One of its sponsors, State Sen. Scott Wiener, said the impact of injection wells on water tables was “certainly one” of the impacts he was concerned with.

“We know there have been a number of studies showing that oil extraction, particularly these harsh varieties, have real health impacts on surrounding communities — we know oil extraction usually happens in lower class and working class communities, communities of color, and they cause serious health impacts in addition to having impacts on air and water.”

But Wiener noted the bill would not ban the practice of underground produced water disposal — which could be a major culprit of groundwater pollution by oil and gas activities.

From 2008 to 2018, the industry produced 1.3 trillion gallons of water in California via oil and gas extraction; as of the second quarter of 2017, 81% of produced water was injected back underground, according to a report from the environmental group Earthworks.

According to Pulupa, the Central Valley water board director, injecting produced water may pose less of a threat to groundwater supplies than other methods, such as disposing of it inunlined pits, but its full impact is still murky and presents risks.

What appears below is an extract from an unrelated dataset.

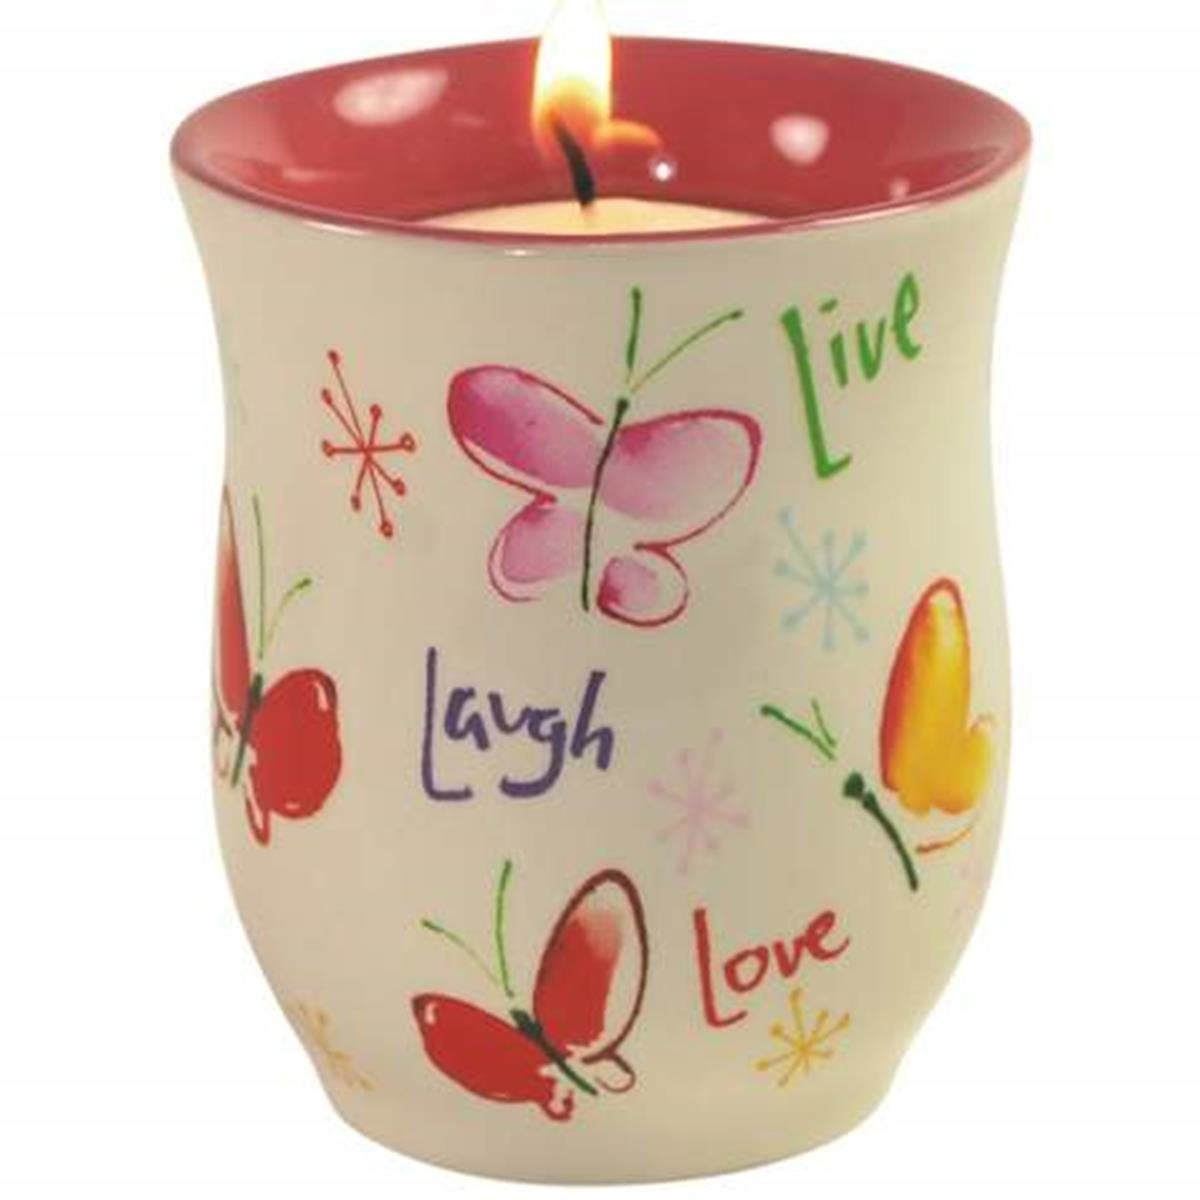 Live Love Laugh personnalisé Tea Light Candle Holder-Cadeau d'anniversaire pour son
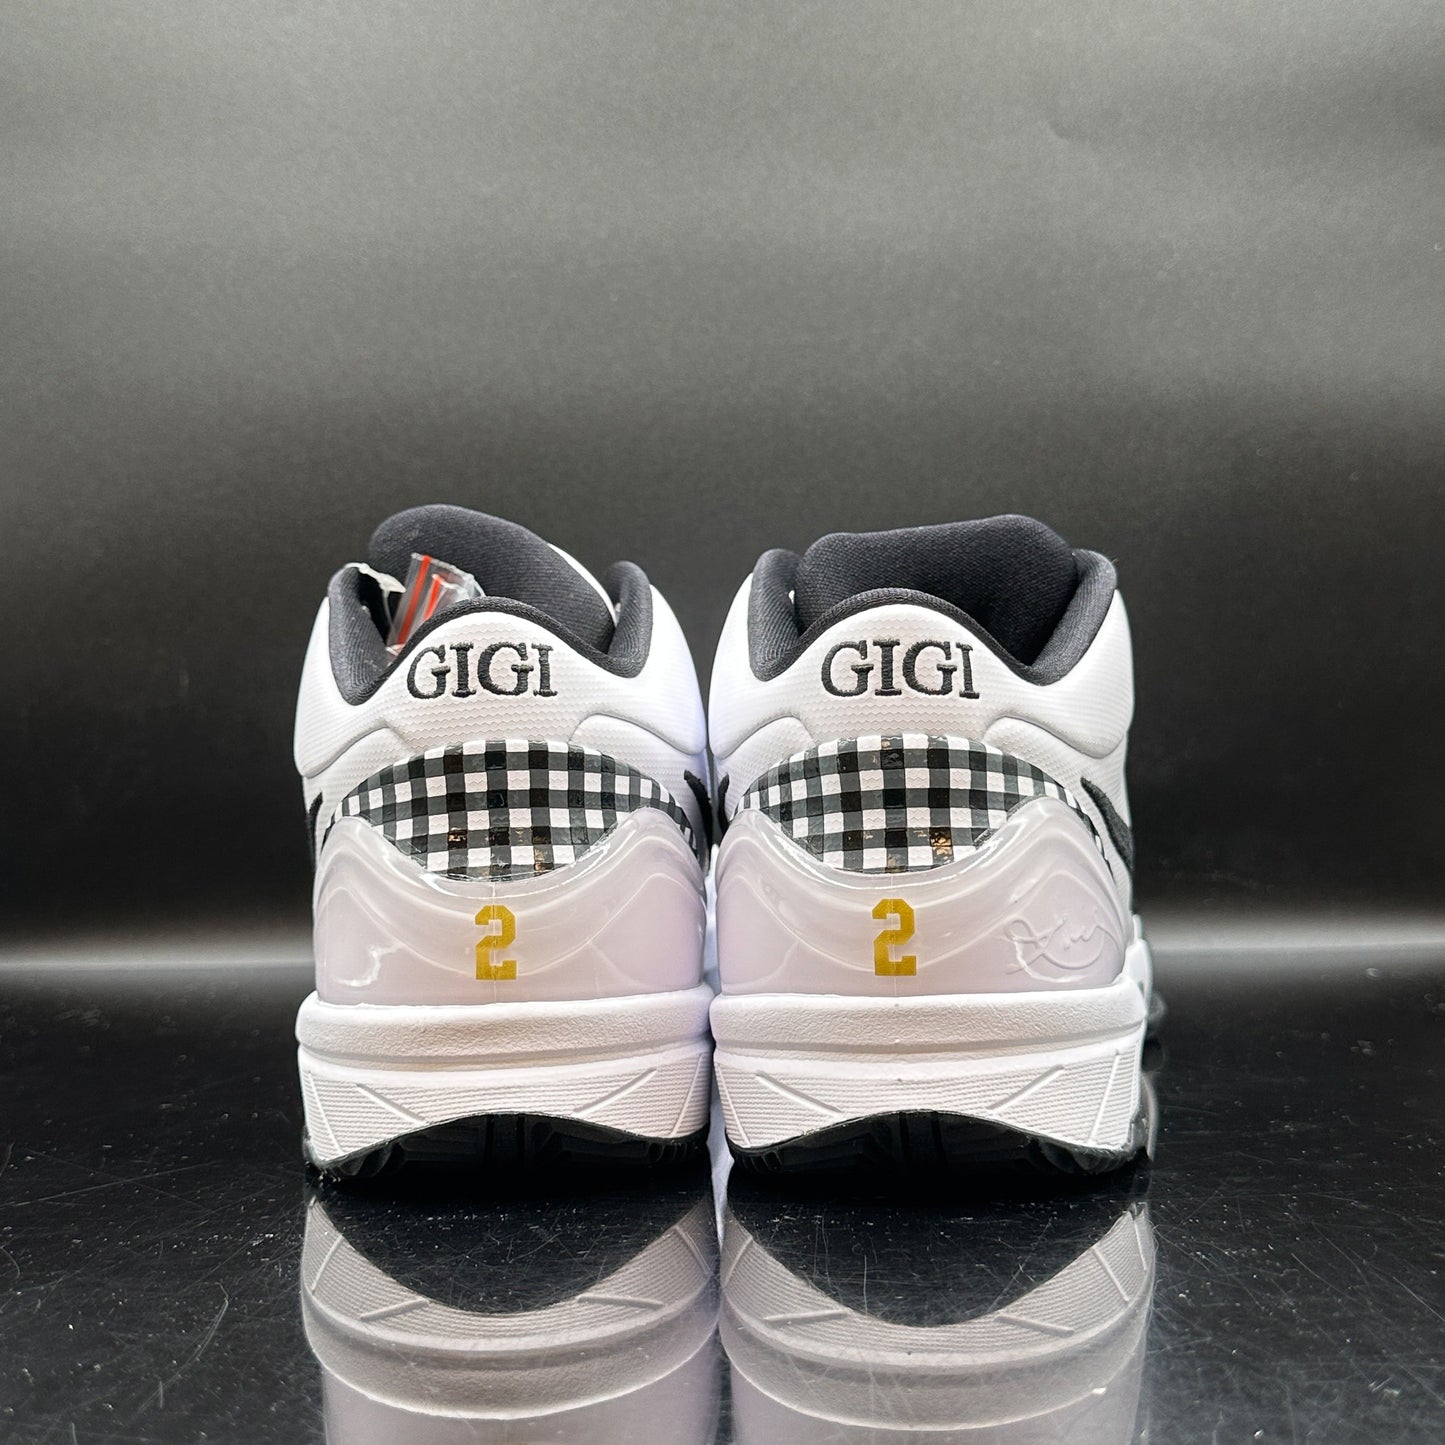 Nike Kobe 4 Protro Mambacita Gigi (Multiple Sizes) (DS)

“If you dispose enough of the produced water, it might migrate toward the valley floor, which is not a drinking water supply as of now, but certainly is water used for agricultural purposes,” Pulupa said.

Roper, the CalGEM spokesperson, said the agency is in discussions with the state water board to design a truncated environmental review process for new injection wells that have typically not been subject to them because they’re part of so-called non-expansion projects.